Laura Alonso Padín currently lives in Berlin.

== Awards ==
At the Aalto Theatre in Essen (Germany), she received the Best Artist Award, by popular acclaim, and she has sung again during the Ruhr 2010 European Capital of Culture in Essen in a lyric gala at the Aalto Theatre.

Alonso has won several singing awards at international competitions, among which we can highlight her first prize in the last Alfredo Kraus Competition as well as the Franco Corelli, Verviers or Jaume Aragall competitions.

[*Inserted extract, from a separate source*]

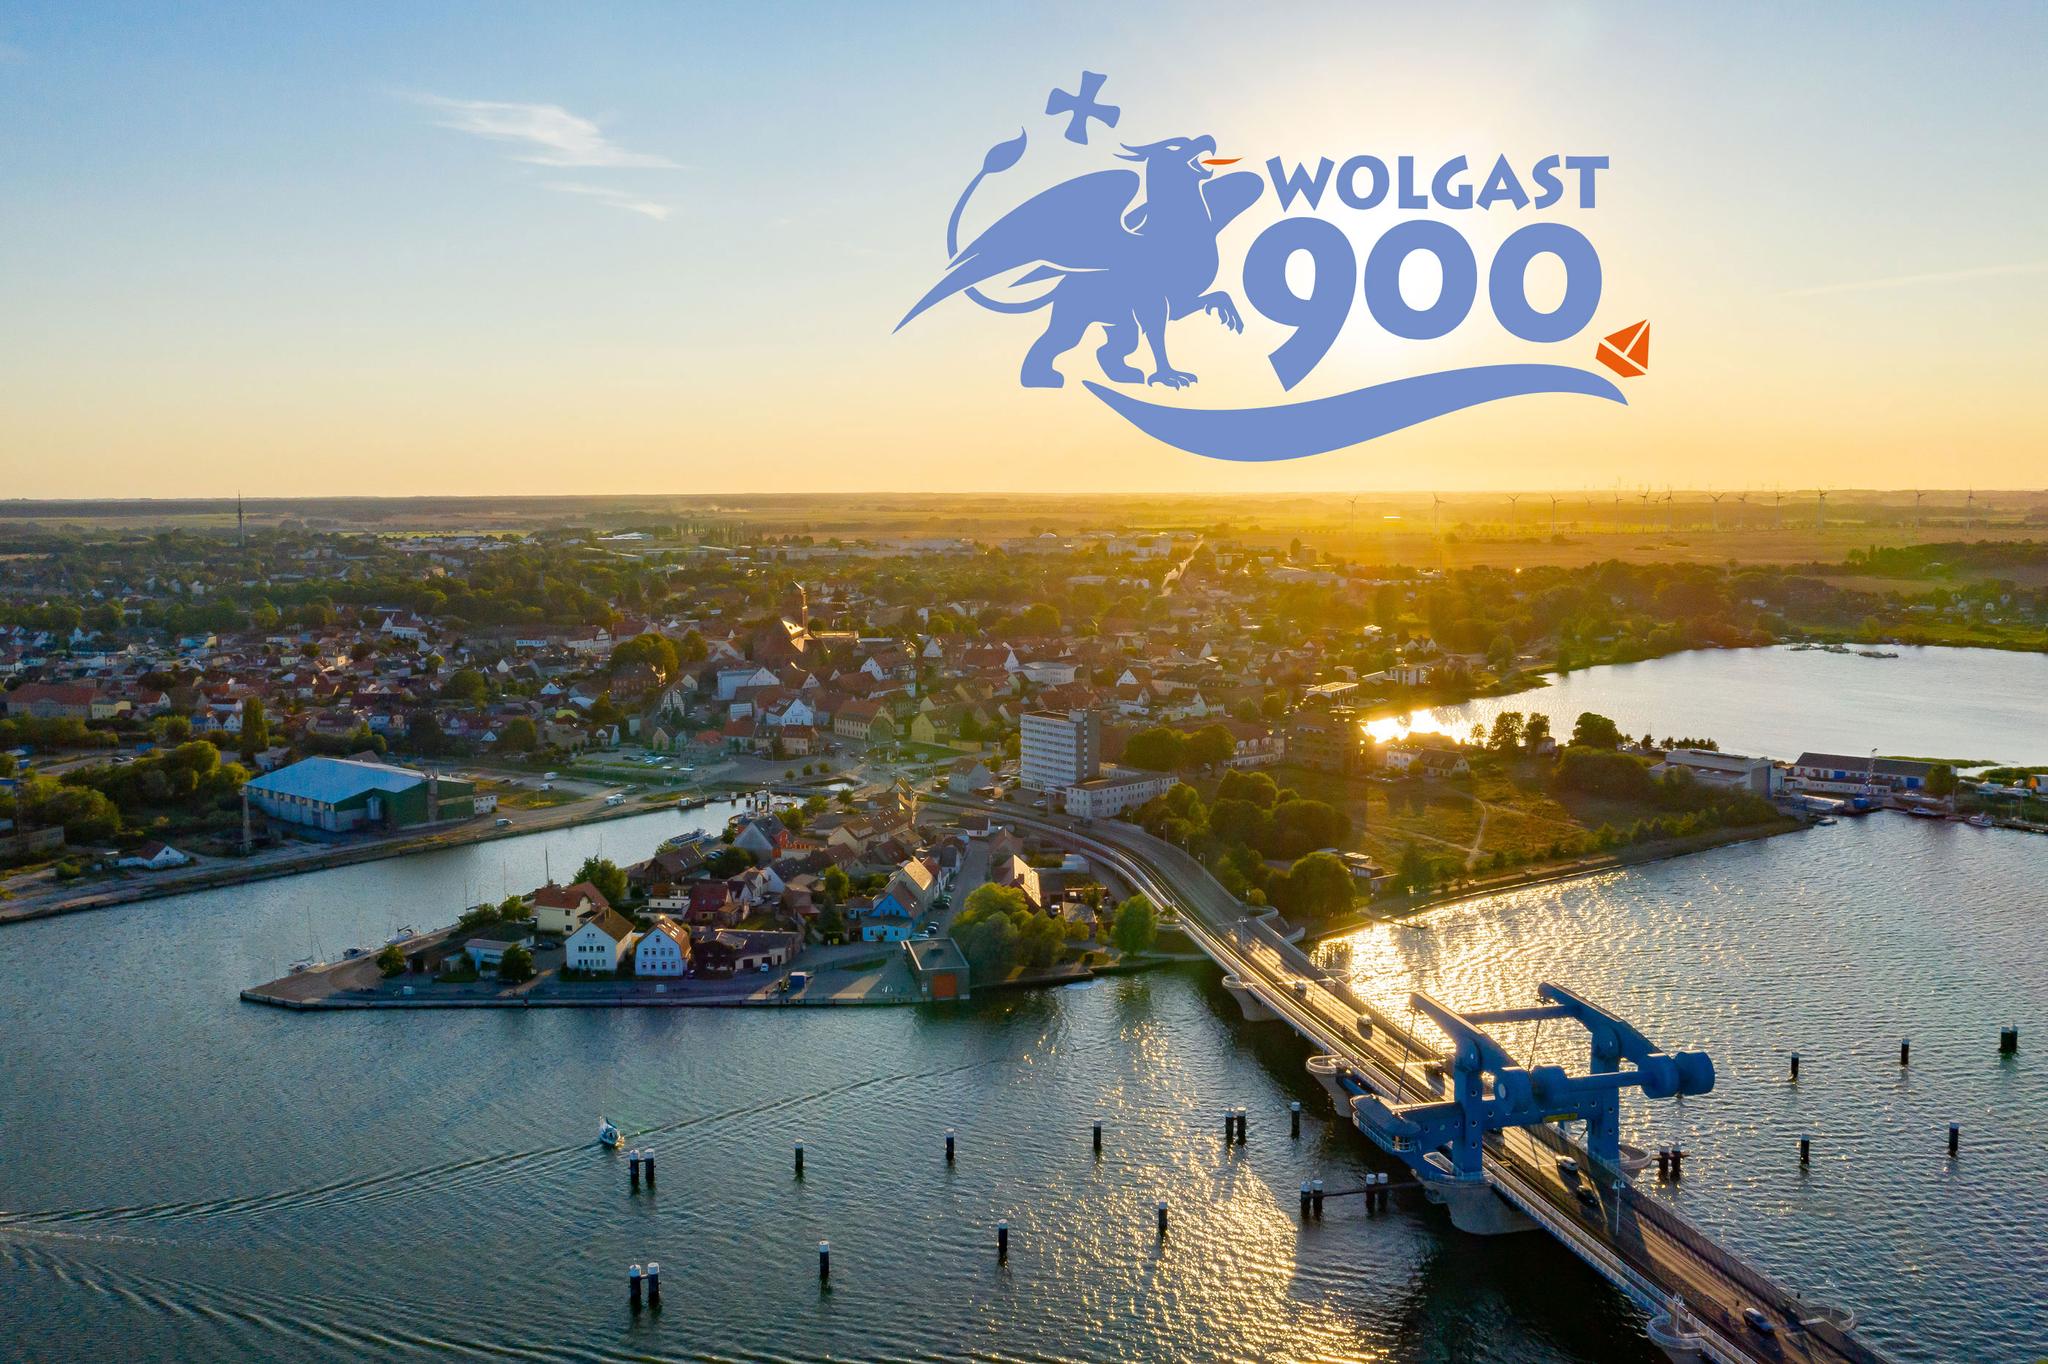 Peenebrücke Wolgast von oben, mit Sicht auf Wolgast, mit Wolgast900 Logo

With her début at the Innsbruck Festival (Austria) in the role of Cleopatra in Giulio Cesare by Antonio Sartorio, she won the Diapason d'Or, awarded by the French critics.

== Discography ==
- Col sorriso d'innocenza Belcanto Arias by Laura Alonso. Conductor: Alexander Livenson. Orquesta Filarmónica de Malaga. Composers: i.a. Bellini, Rossini, Donizetti. Label: Columna Musica, Spain.
- Lua Descolorida Music from Galicia with Laura Alonso, soprano. Juan Manuel Varela, piano. Songs by Osvaldo Golijov and Antón García Abril. Label: Columna Musica, Spain.
- Antoloxía Vol. 1 A canción de Concerto: Antoloxía Vol. 1. Laura Alonso, soprano. Manuel Burgueras, piano. Cancións sobre textos literarios galegos. Edicións Xerais de Galicia.
- Tutto Verdi from the Aalto Theatre in Essen. Charity event for the reconstruction of La Fenice in Venice.
- Na Boca Das Camelias Laura Alonso, soprano. Juan Manuel Varela, piano. Music from Galicia by various composers.
- Giulio Cesare in Egitto, Antonio Sartorio. Conductor: Attilio Cremonesi. Innsbrucker Barockfestspiele. Laura Alonso as Cleopatra. Label: ORF, Austria
- Suau la teva veu. Laura Alonso, soprano. Works by Moisés Bertrán. Columna Música. Catalan songs.